All that stuff about Bloom filters was because I wanted to make sure I understood them before using them to improve Exim's ratelimit feature.

One of the things that our users often do which triggers the rate limiter is forward all their email offsite. This is a huge rate of messages, but they are all from and to the same person - not many different addresses. Secondly, the vast majority of the computers on our network are used by one person, so should only originate email from a limited number of email addresses. Unexpectedly using lots of addresses may be a sign of a compromised machine.

What I wanted was a way of identifying how often different events occurred, with reasonable efficiency. The existing ratelimit code stores (for each sender) a 64 bit timestamp and a 64 bit floating point rate measurement, plus a key to identify the sender. This is small and easy to update. I wanted something that didn't bloat it too much and which is similarly easy to update.

The essential idea is that the new per_addr option also stores a Bloom filter per sender. Each recipient specified by the sender is checked for membership of its Bloom filter; if it is present then no update happens; if it is absent, the sender's rate is incremented and the recipient is added to the filter.

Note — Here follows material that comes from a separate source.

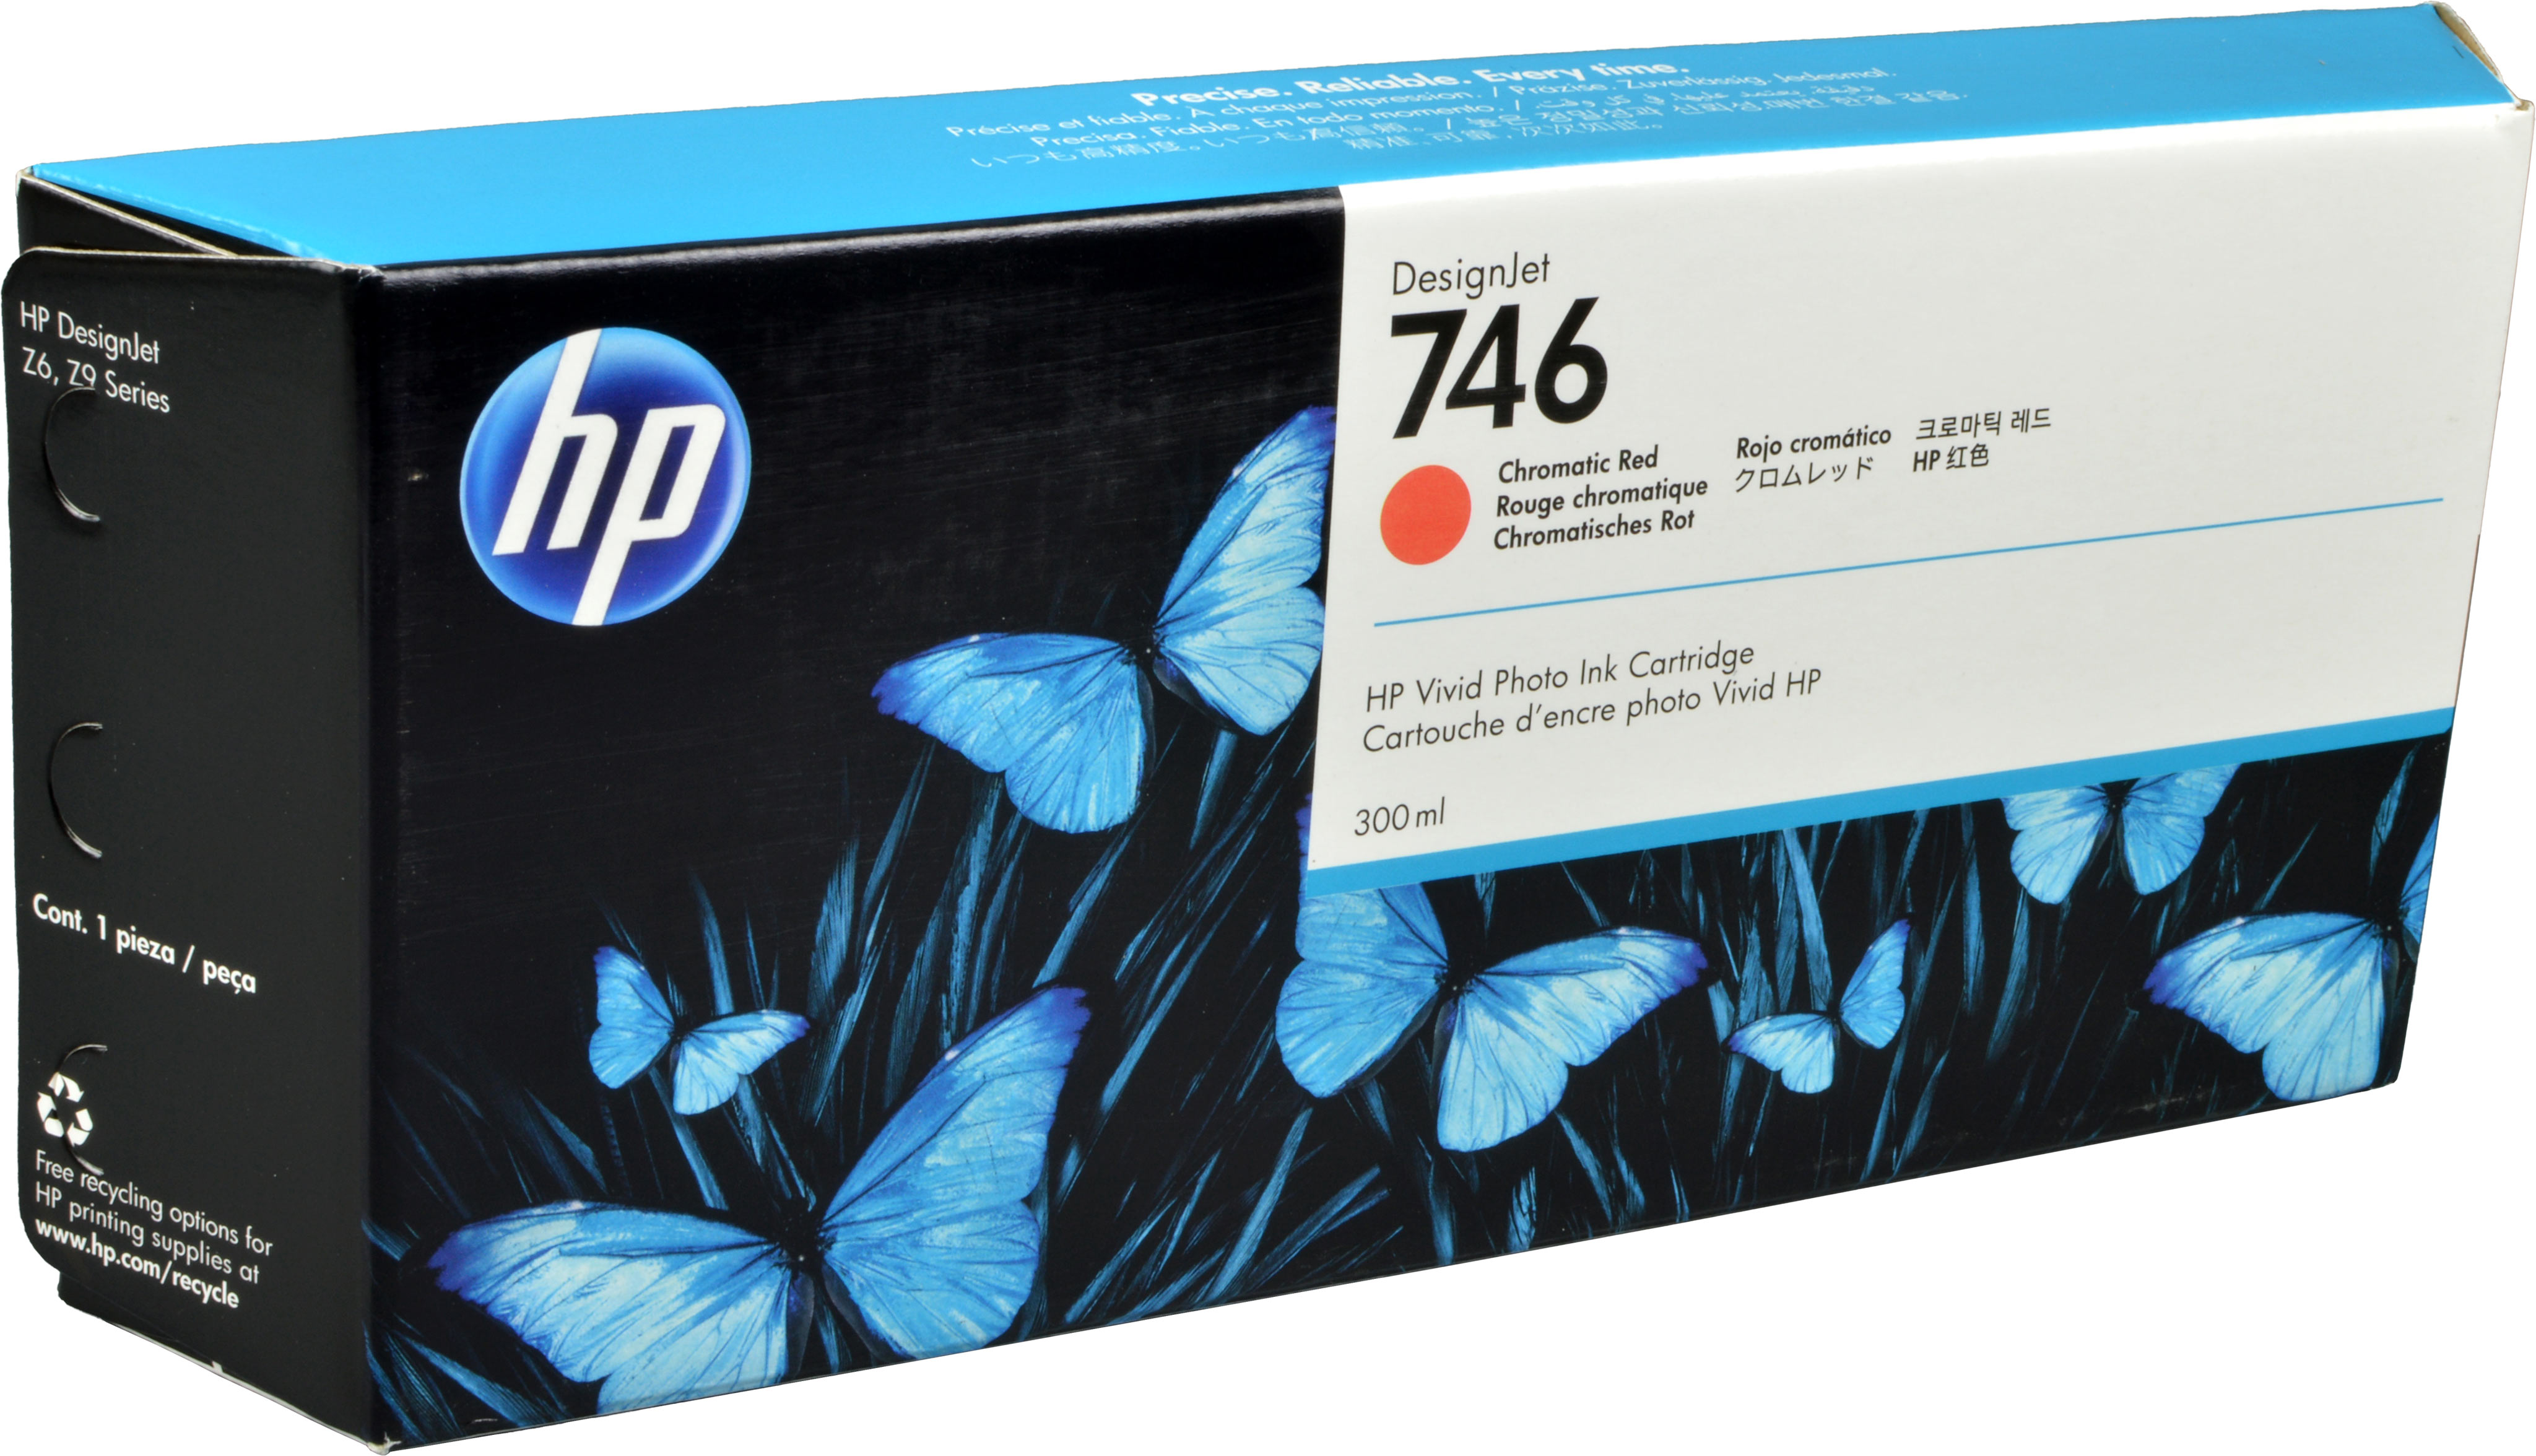 HP Tinte P2V81A  746  chromatic rot

The rate limit configuration includes a time period which is currently used to determine the exponential smoothing constant, i.e. how bursty senders can be. With per_addr it is also used to determine the Bloom filter's lifetime: when it gets too old, the filter is thrown away. This solves the problem of the filter getting over-full and producing loads of false positives; this means that Exim is measuring the number of different recipient addresses used by the sender in each period. It's very pleasing that this is so simple for both the code and the user :-)

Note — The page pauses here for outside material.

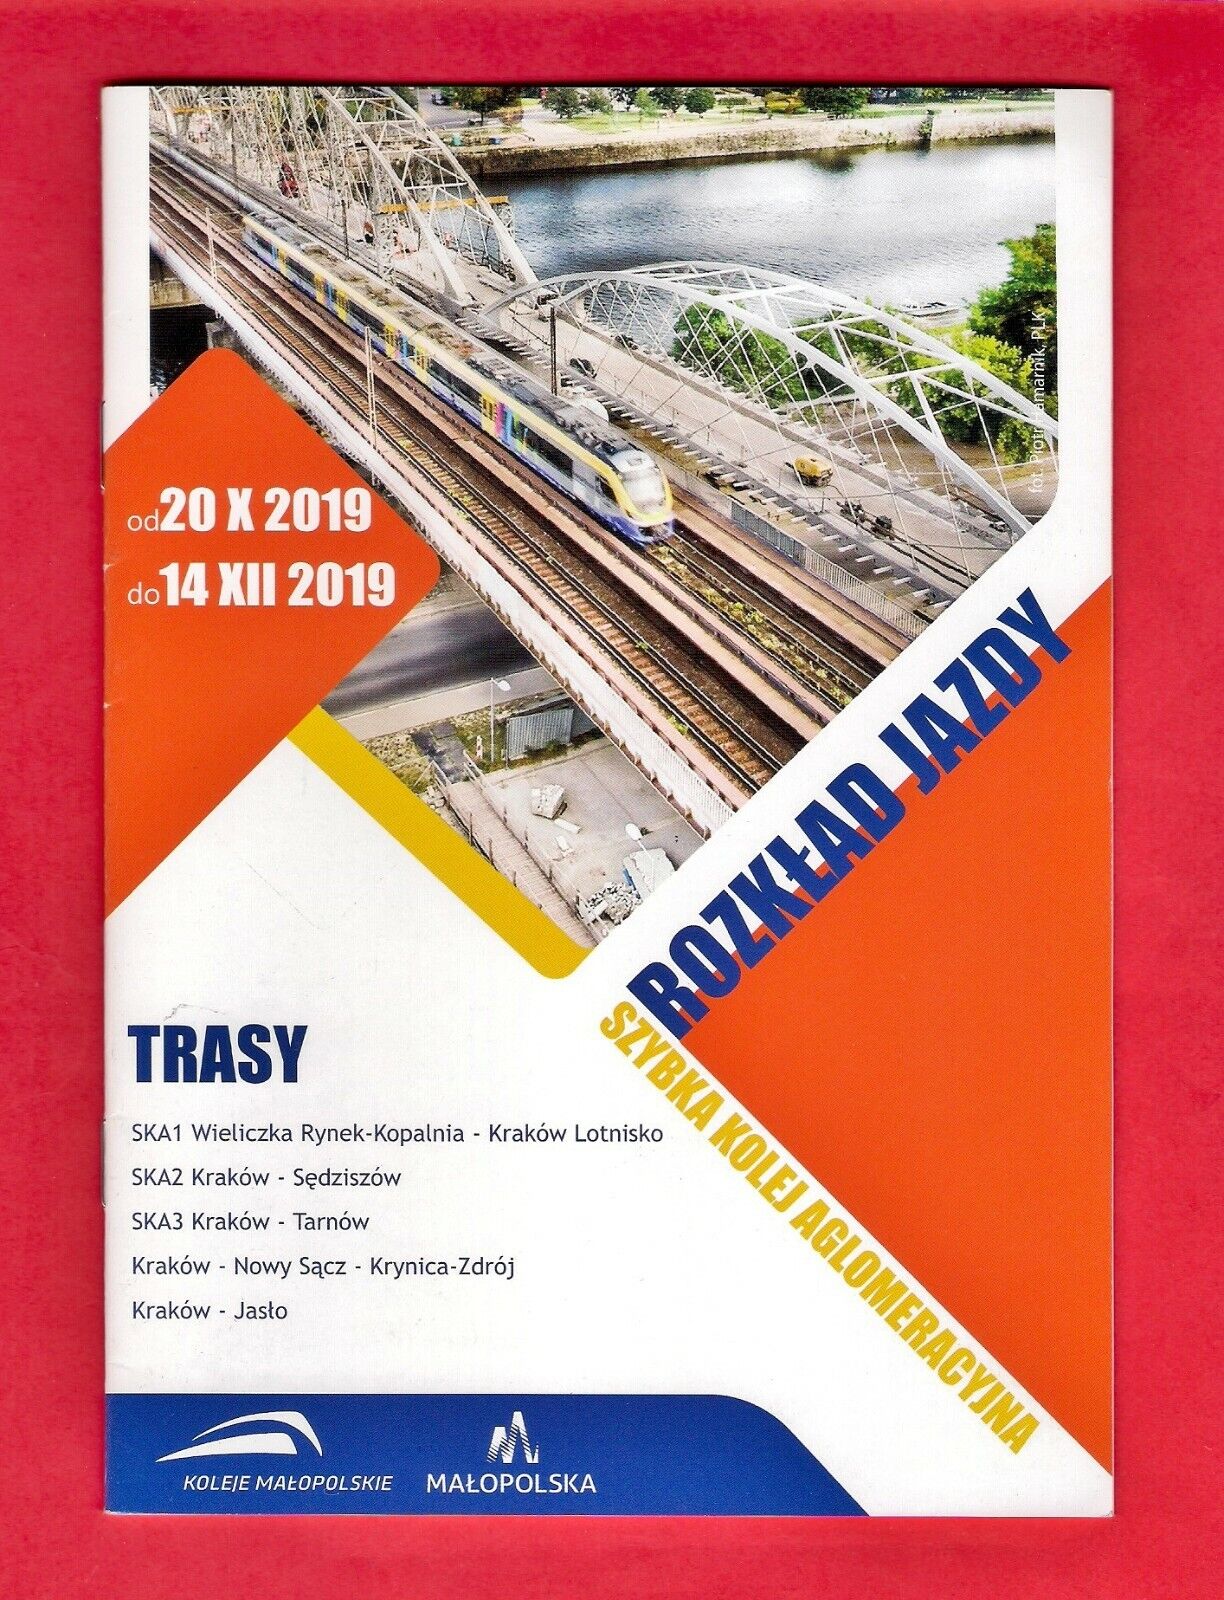 Train Timetable - Koleje Małopolskie - Lesser Poland Railways - Kraków - 2019

The remaining question is how big the filter should be, and how many hash functions to use. For most configurations, the maximum number of entries in the filter will be the same as the maximum rate, so I decided to simply allocate 2 bytes i.e. 16 bits times the limit, since the false positive rate was too high with just one byte per element. I chose to use 8 hash functions, since that provides some headroom above the maximum rate before the false positive rate gets too high. (You can tell Exim to measure the client's success rate, which is always less than the limit, or the client's attempt rate, which can be very much higher.)

With this choice of parameters, the false positive rates for clients sending to different addresses at rates relative to the limit are:

sending rate/limit	false positive rate
0.5	0.0006% or 1 in 170000
1	0.06% or 1 in 1700
2	2.5% or 1 in 40
2.7 = e	9.3% or 1 in 10.7
4	31% or 1 in 3.2

It looks like the false positive rate for fast senders might easily become embarrassing, but again the periodic filter clearance comes to the rescue. When a fast sender stops, its smoothed rate decays exponentially by 1/e each period. Therefore if its rate was more than e times the limit, then the over-full Bloom filter will be cleared before its rate falls below the limit. Thus the smoothing period is the maximum time for which Exim can be fooled into under-estimating the sender's rate, but when this is a serious problem (false positive rate over 9%) the client will be subject to countermeasures continuously. The only bad effect should be incorrect rate measurements in the logs.

The code is actually more general than I have described: you aren't limited to measuring unique recipient addresses. Under the covers the per_addr option is equivalent to per_rcpt/unique=$local_part@$domain so by changing the unique value you can, for example, count unique sender addresses: per_mail/unique=$sender_address.

I have posted a patch to the exim-users list so that people can try out the new code before it gets baked into a release.